(Task to complete):
For this exercise, output the entries below exactly from the line that holds "We are delighted" to the line that holds "I’ve seen a", both ends included. No pictures belong in the copy.

(Data to process):
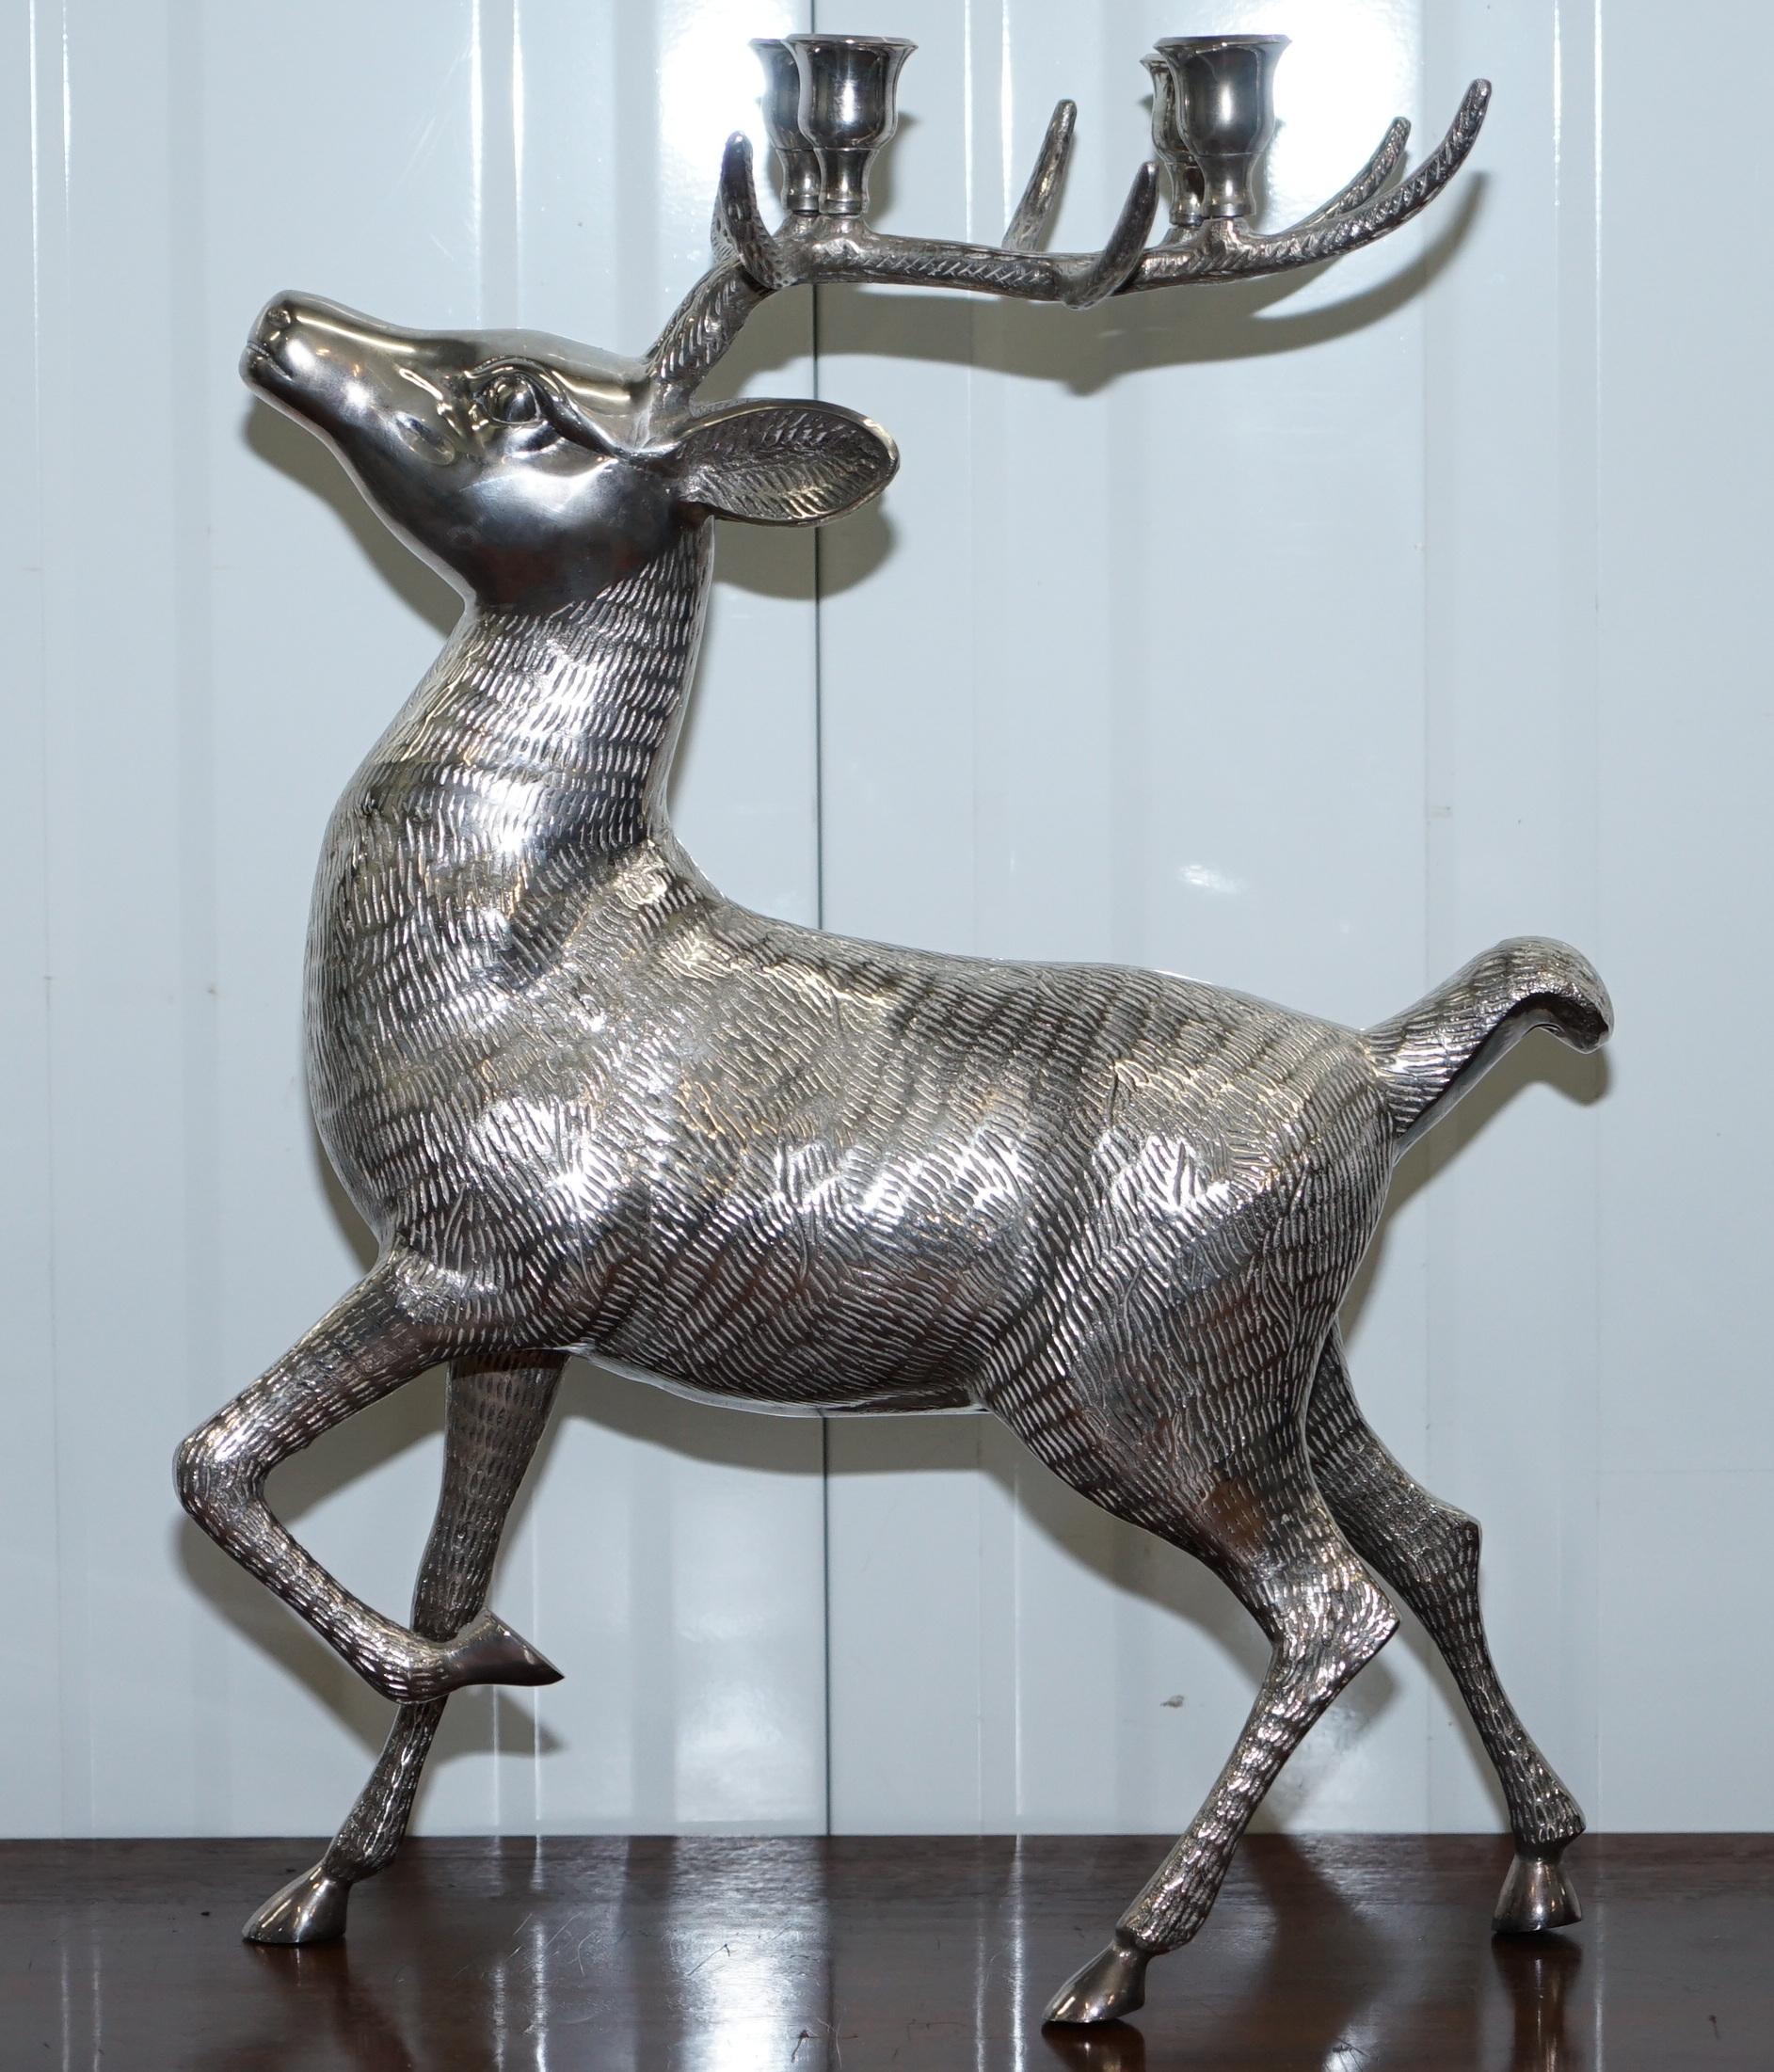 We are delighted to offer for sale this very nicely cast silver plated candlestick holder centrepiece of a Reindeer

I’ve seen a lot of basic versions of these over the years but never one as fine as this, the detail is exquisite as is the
* * *
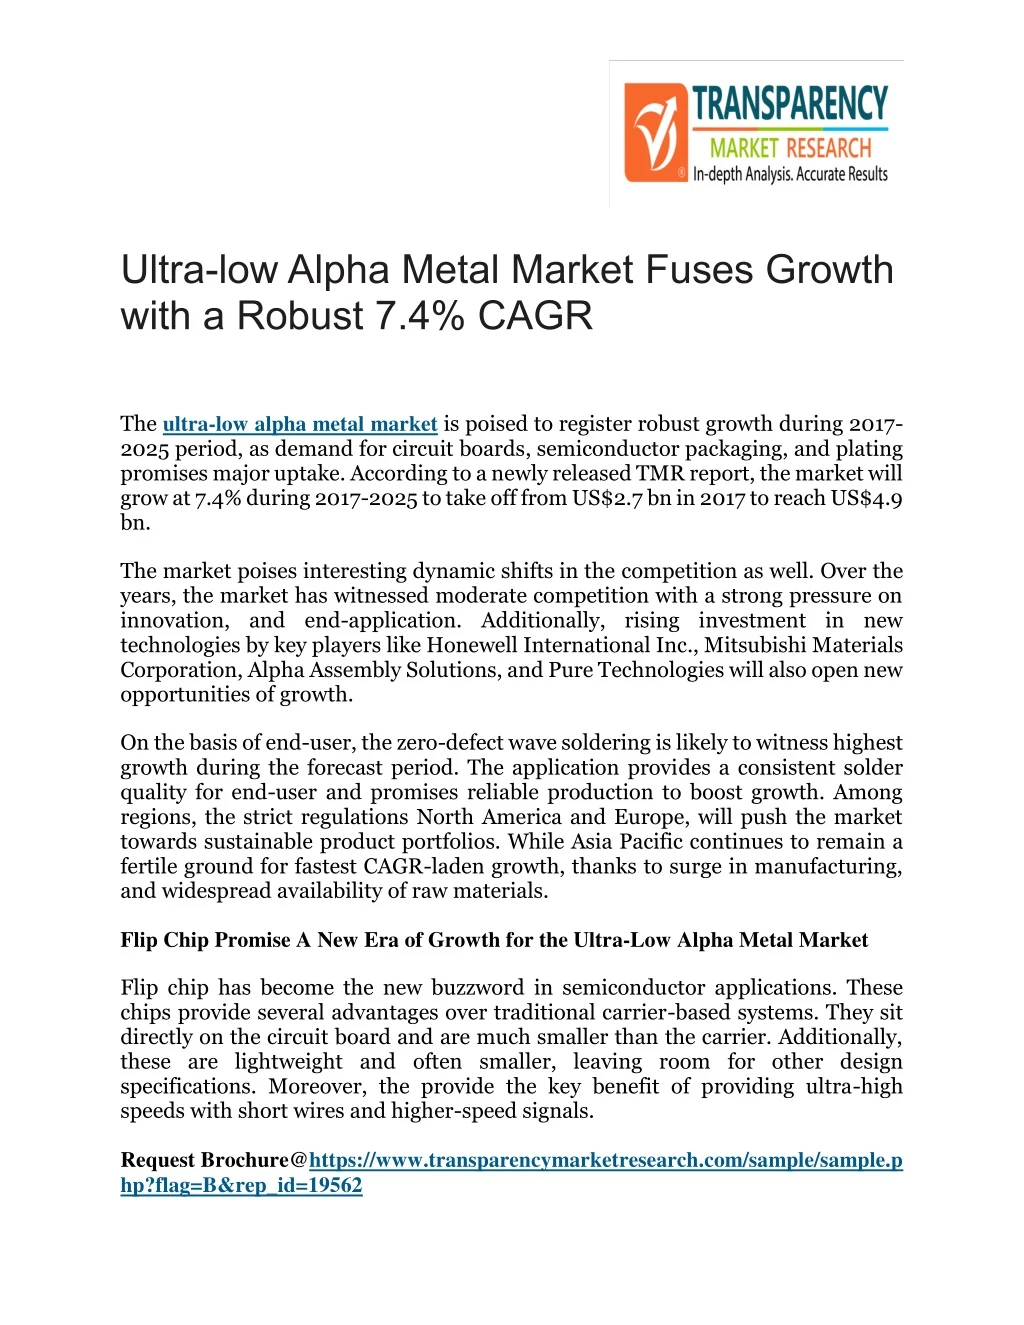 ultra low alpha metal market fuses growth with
* * *
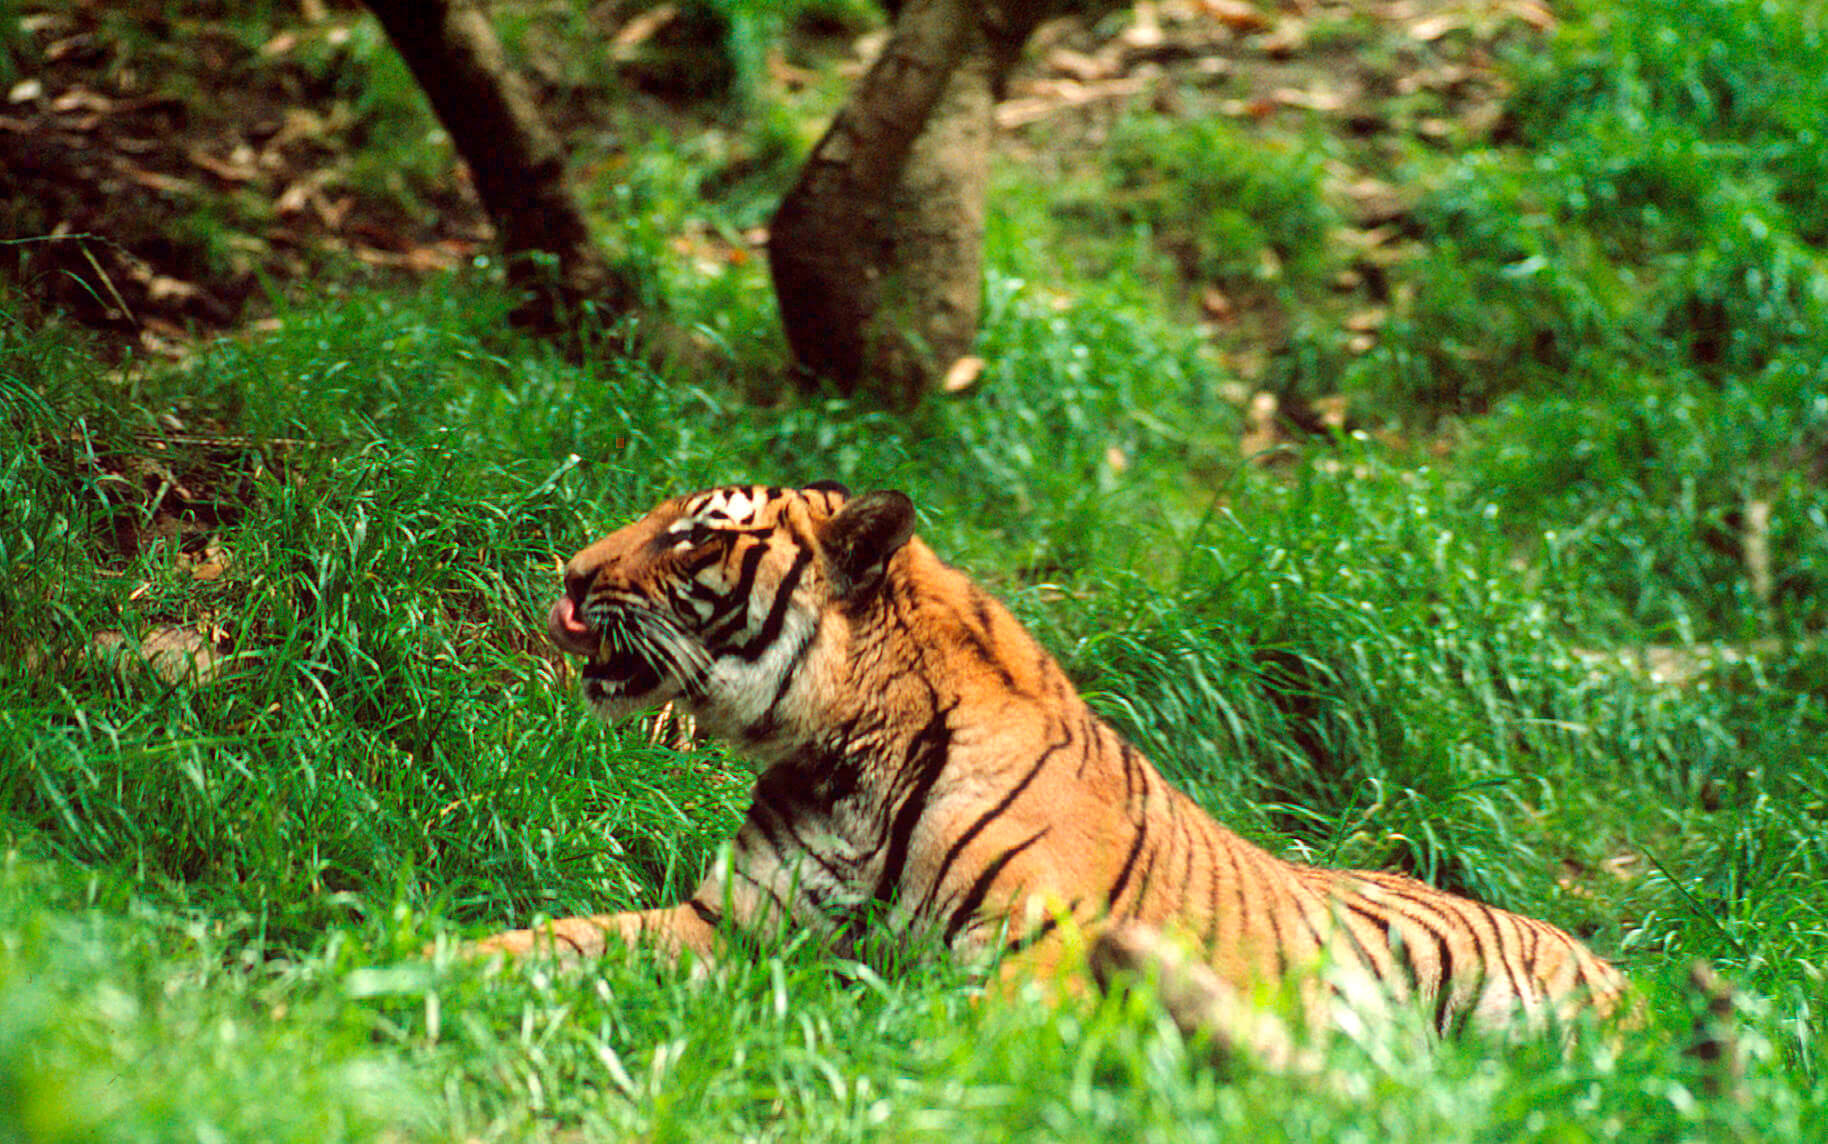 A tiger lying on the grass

(Answer):
 We are delighted to offer for sale this very nicely cast silver plated candlestick holder centrepiece of a Reindeer

I’ve seen a lot of basic versions of these over the years but never one as fine as this, the detail is exquisite as is the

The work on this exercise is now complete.